Past Reviews

Regional Reviews: Las Vegas

X
A Public Fit Theatre Company
Review by Mary LaFrance

Also see Mary's recent review of Topdog/Underdog


Ryan Ruckman
Photo by Richard Brusky
Alistair McDowall's play X invites us to experience the ultimate in cabin fever: Eighteen months after drop-off, the skeletal crew of a research station on Pluto have inexplicably lost contact with planet Earth, and their transport back home–if home still exists–is long overdue. A stress test, to be sure. A close theatrical analog might be Sartre's No Exit, except that these folks are still alive (at least, we think so), and they aren't, as far as we can tell, especially bad people. But being locked up together with no end in sight is hardly a recipe for bliss.

To be sure, the station is secure and well provisioned. (At least there's plenty of crunchy cereal and lab-grown meat substitute.) So the folks have lots of time to speculate on what has happened, to share stories about what Earth was like before the environmental cataclysm, and to wonder if there is really any point in going home anyway.

If Hell is other people, as Sartre claimed, then what do you call it when the others start to die off? Which unlucky soul is going to be left alone? As things get grimmer, and stranger, the dwindling crew face the gradual loss of benchmarks that have defined their existence: memories, the marking of time, the sense of self versus others, and even the certainty of what's real and what isn't. Eventually we, too, feel as lost as the characters.

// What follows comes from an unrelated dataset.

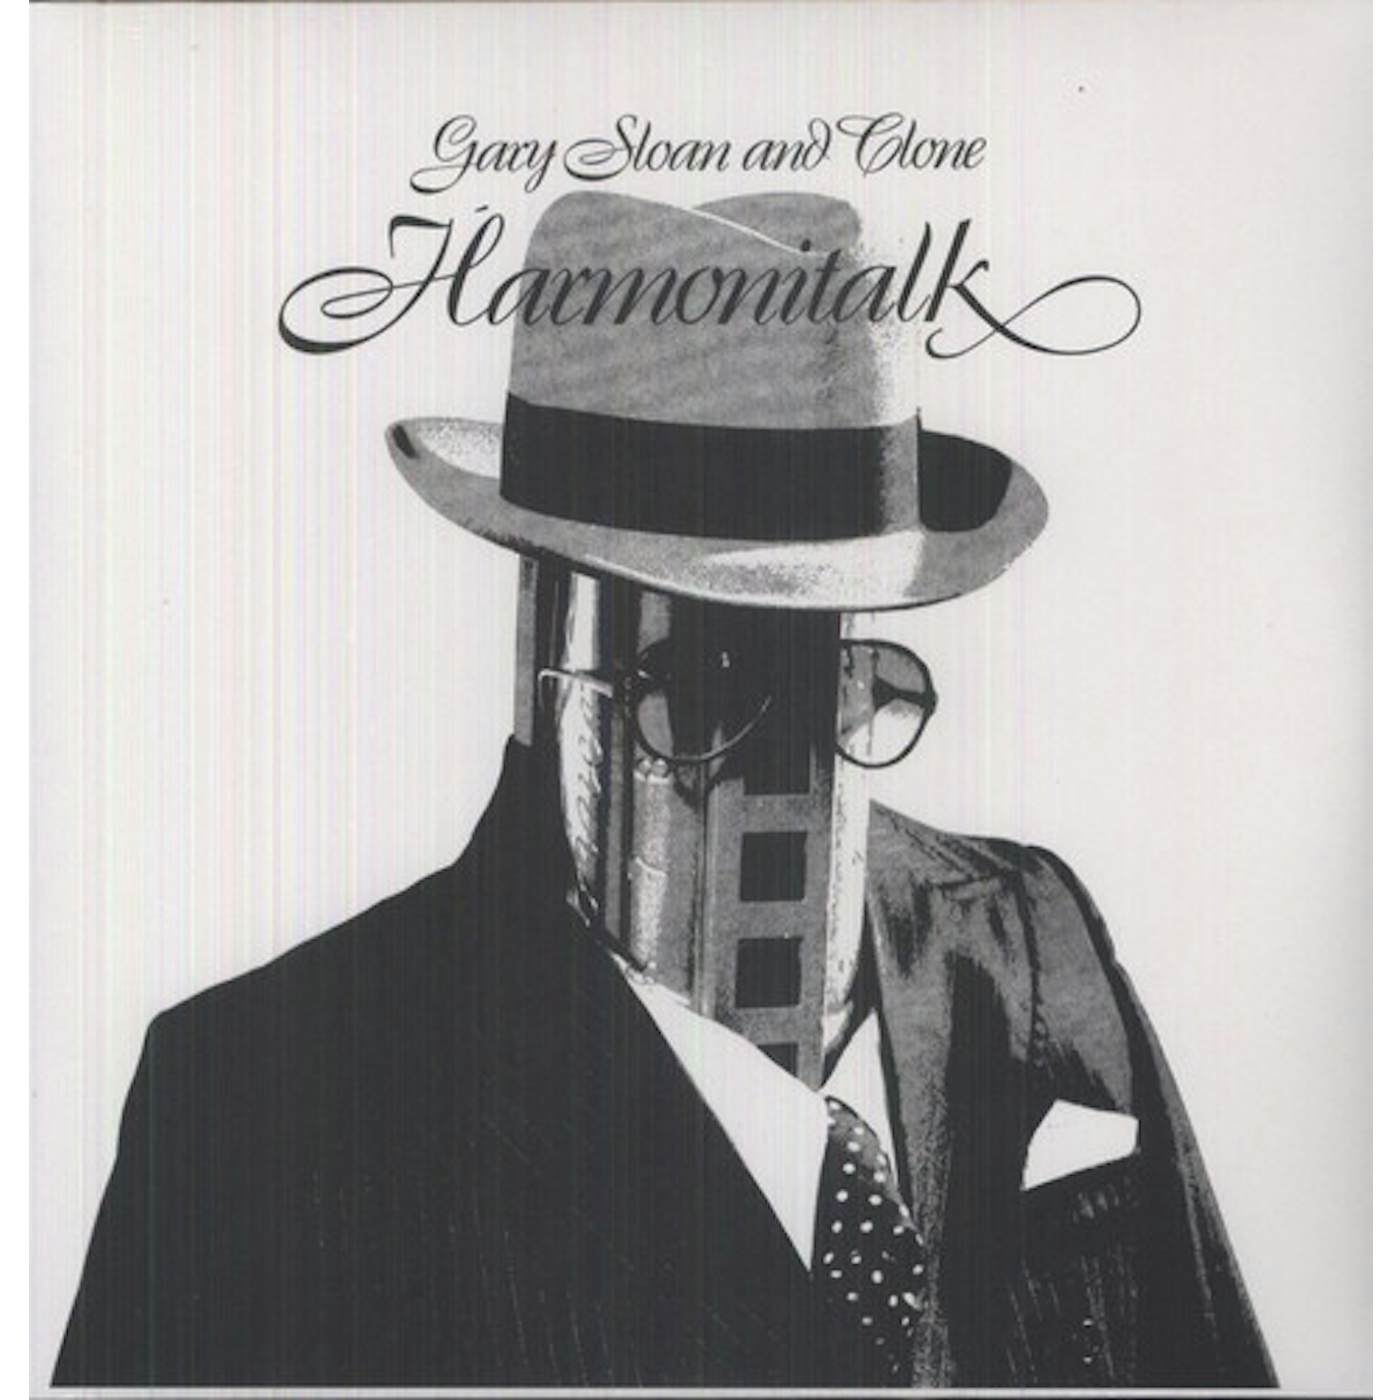 Gary Sloan and Clone Harmonitalk Vinyl Record

A Public Fit Theatre Company has done a fine job with this mind-bender of a play. Director Jake Staley's smart pace and traverse staging keep us looking back and forth like tennis spectators, wondering which end of the stage will present the next surprise. Whitney Lehn Meltz's scenic design captures the efficiency, sterility, and mind-numbing blandness of a perfectly adequate residential workplace that can never be a home.

If anything is lacking, it's a sense that these characters are real people. They do not present convincingly as either scientists or astronauts. (Perhaps a sit-down or shadowing session with some science faculty or graduate students would have helped the actors to prepare.) Nor do they seem totally real in the flesh-and-blood sense. The earth's environmental collapse comes across less as their collective tragedy than as the MacGuffin that explains how they got thrown together in their expensive tin can. This makes it hard to feel empathy for their suffering, and turns the play into more of an intellectual exercise–a rigorous one to be sure–than a fully absorbing theatrical experience.

Every play is a challenge, and X certainly raises the bar. It provides more than the usual fodder for The Buzz, A Public Fit's traditional post-performance chat. And you'll probably find yourself replaying scenes in your head on the drive home. But at least you have a home to go to.

X runs through March 4, 2024, at SST Studio Theater, 4340 S. Valley View Blvd., Las Vegas NV. Performances are Fridays, Saturdays, and Mondays at 7 p.m., Sundays at 2 p.m. For tickets ($35-$40) and information, please visit apublicfit.org.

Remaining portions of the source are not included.